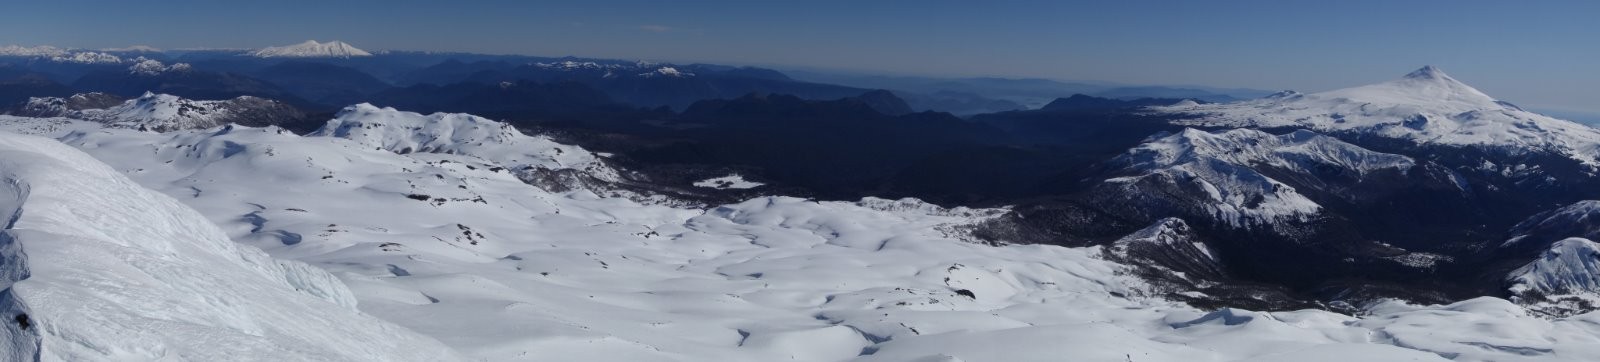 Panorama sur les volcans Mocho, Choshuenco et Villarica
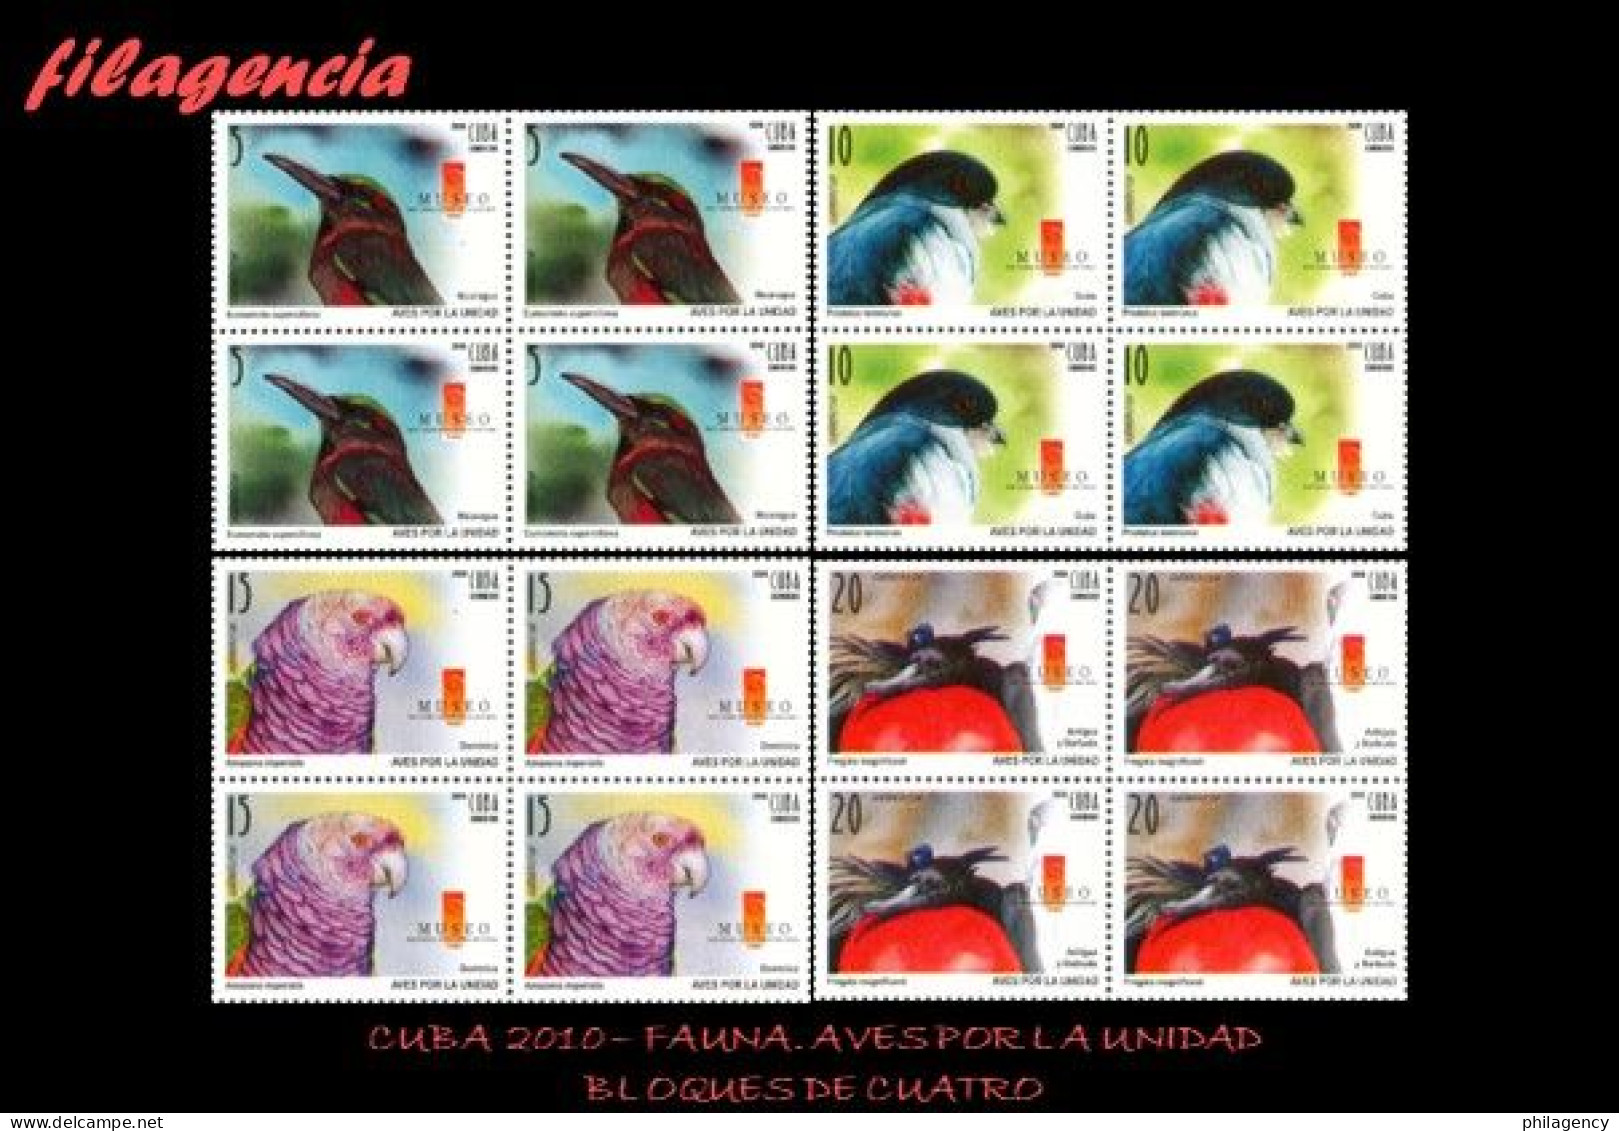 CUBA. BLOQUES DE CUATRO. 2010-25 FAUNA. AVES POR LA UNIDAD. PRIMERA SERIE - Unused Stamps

* * *

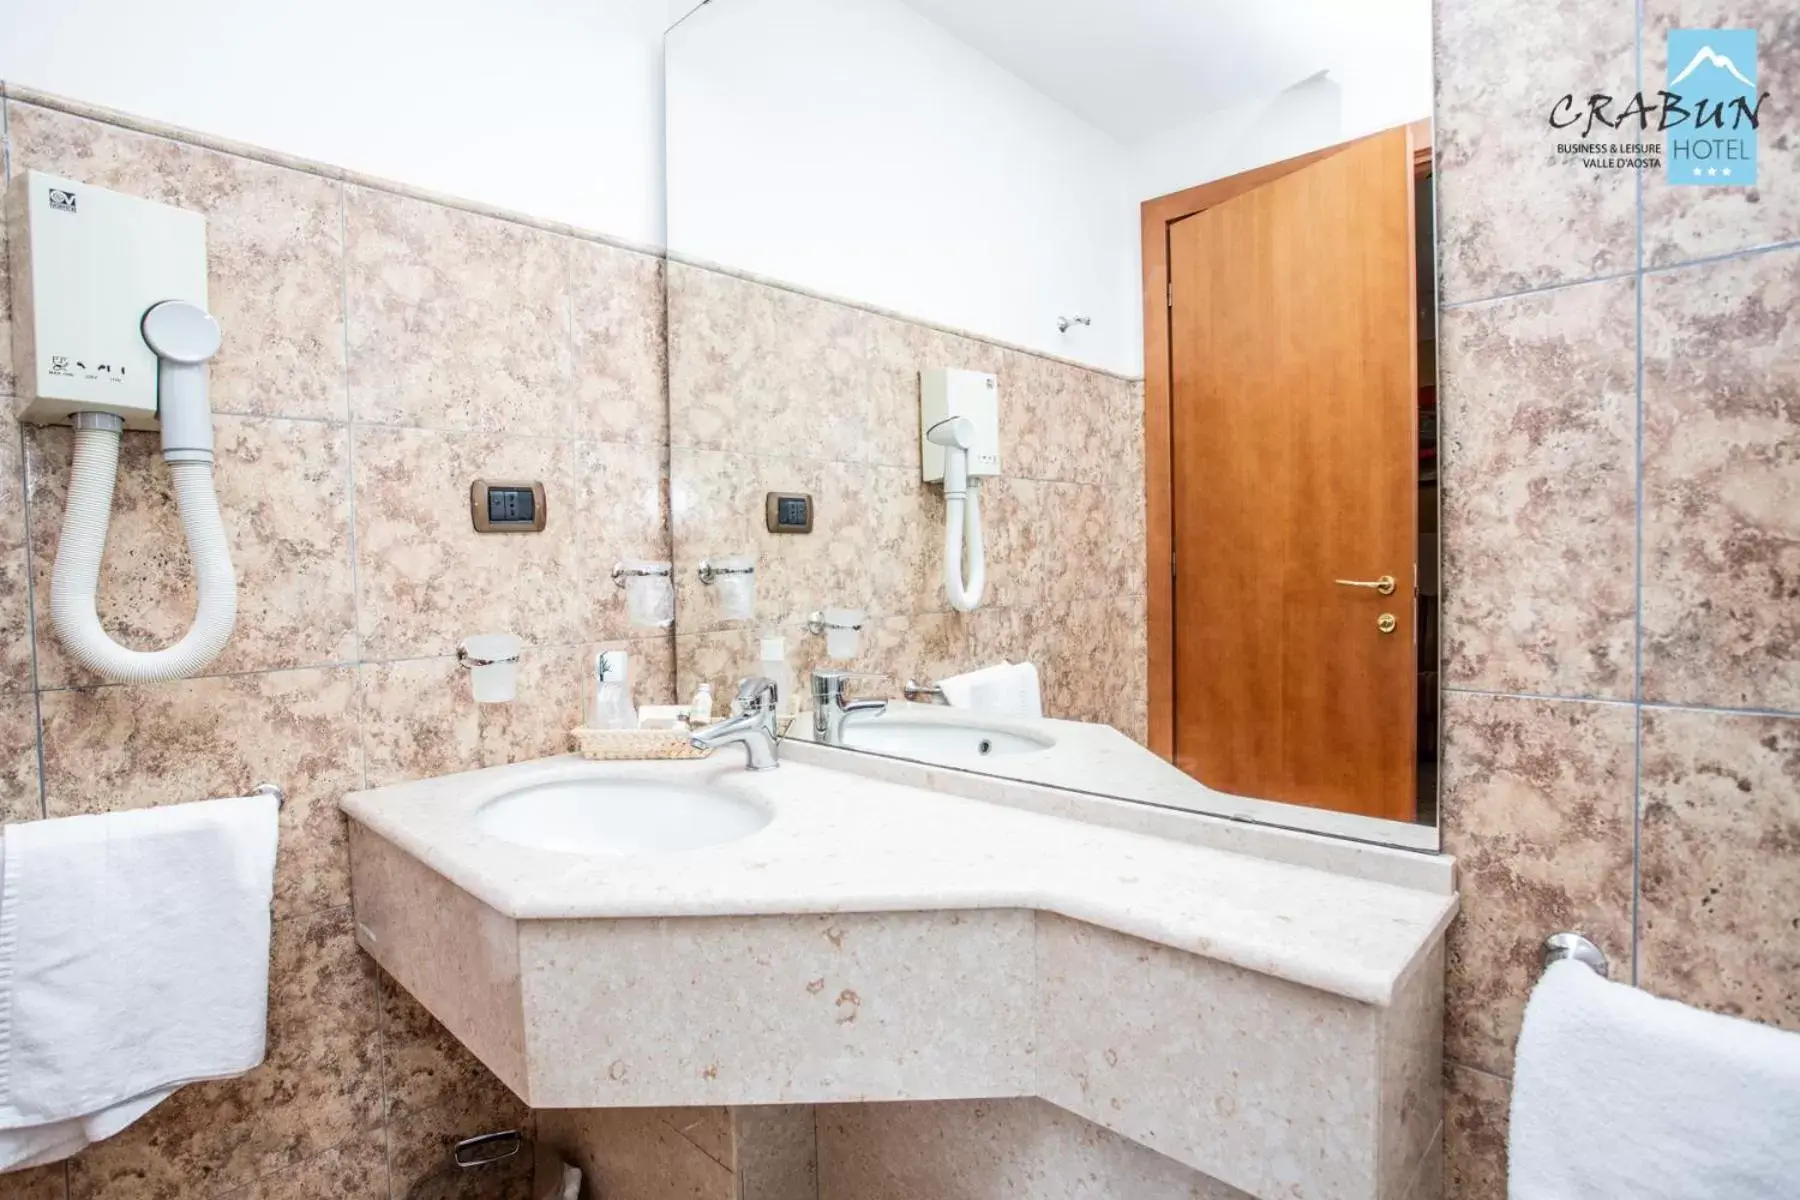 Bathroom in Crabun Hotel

▸ **Aim of the exercise**: Starting at the line containing "Panorama sur les" and finishing at the line containing "CUBA. BLOQUES DE", return those lines exactly as they appear above, without the pictures.

▸ **Answer for the task**:
 Panorama sur les volcans Mocho, Choshuenco et Villarica
 CUBA. BLOQUES DE CUATRO. 2010-25 FAUNA. AVES POR LA UNIDAD. PRIMERA SERIE - Unused Stamps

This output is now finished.